*What to do:*
From the listing below, retype exactly the line holding "Table console demi-lune", the line holding "Plat ovale en", and the lines between them; skip everything else.

* * * * *

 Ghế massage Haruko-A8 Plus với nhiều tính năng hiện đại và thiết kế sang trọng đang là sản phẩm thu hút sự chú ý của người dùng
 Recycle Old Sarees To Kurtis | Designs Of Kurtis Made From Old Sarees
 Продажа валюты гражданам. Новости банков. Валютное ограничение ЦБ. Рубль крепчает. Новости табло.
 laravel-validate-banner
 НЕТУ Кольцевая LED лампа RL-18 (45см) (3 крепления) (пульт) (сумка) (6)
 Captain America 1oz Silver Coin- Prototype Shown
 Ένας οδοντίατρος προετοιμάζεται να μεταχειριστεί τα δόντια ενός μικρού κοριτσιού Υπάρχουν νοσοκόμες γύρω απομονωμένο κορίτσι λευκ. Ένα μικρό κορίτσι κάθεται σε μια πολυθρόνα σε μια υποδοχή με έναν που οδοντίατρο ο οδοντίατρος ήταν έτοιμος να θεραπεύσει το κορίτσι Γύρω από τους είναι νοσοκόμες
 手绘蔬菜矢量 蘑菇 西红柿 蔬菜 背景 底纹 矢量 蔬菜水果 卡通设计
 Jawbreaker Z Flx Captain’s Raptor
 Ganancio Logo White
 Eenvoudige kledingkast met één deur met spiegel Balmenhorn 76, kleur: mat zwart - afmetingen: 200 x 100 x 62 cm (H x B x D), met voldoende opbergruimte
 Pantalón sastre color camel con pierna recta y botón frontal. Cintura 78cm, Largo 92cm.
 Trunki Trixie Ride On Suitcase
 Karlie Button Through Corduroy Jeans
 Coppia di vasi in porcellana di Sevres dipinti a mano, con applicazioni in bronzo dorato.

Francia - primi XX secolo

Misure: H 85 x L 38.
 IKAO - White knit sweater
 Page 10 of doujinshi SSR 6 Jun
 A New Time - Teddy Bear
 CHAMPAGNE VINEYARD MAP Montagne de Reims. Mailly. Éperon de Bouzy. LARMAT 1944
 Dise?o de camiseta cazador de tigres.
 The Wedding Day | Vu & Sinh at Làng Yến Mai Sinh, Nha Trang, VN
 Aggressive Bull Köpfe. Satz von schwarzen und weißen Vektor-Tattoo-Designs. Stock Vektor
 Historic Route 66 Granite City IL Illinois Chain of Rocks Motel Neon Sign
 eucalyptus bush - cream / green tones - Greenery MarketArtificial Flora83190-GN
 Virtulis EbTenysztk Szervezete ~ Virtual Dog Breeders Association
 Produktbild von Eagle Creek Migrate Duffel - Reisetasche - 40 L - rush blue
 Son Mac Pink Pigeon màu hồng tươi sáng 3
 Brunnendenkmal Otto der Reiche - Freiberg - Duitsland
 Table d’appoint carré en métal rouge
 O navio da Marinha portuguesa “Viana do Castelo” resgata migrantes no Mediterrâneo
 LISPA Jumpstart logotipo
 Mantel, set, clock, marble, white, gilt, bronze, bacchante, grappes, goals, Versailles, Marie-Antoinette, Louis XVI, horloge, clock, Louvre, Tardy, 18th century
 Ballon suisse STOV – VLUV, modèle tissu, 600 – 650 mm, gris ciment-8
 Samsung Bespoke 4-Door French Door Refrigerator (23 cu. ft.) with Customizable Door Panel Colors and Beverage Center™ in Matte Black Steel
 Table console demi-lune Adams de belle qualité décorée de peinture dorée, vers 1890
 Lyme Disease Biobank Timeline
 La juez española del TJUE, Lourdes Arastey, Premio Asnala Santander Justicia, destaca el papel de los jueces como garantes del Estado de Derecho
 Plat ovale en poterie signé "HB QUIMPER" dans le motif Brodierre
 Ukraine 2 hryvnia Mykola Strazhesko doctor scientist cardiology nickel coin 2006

* * * * *

*Result for this exercise:*
 Table console demi-lune Adams de belle qualité décorée de peinture dorée, vers 1890
 Lyme Disease Biobank Timeline
 La juez española del TJUE, Lourdes Arastey, Premio Asnala Santander Justicia, destaca el papel de los jueces como garantes del Estado de Derecho
 Plat ovale en poterie signé "HB QUIMPER" dans le motif Brodierre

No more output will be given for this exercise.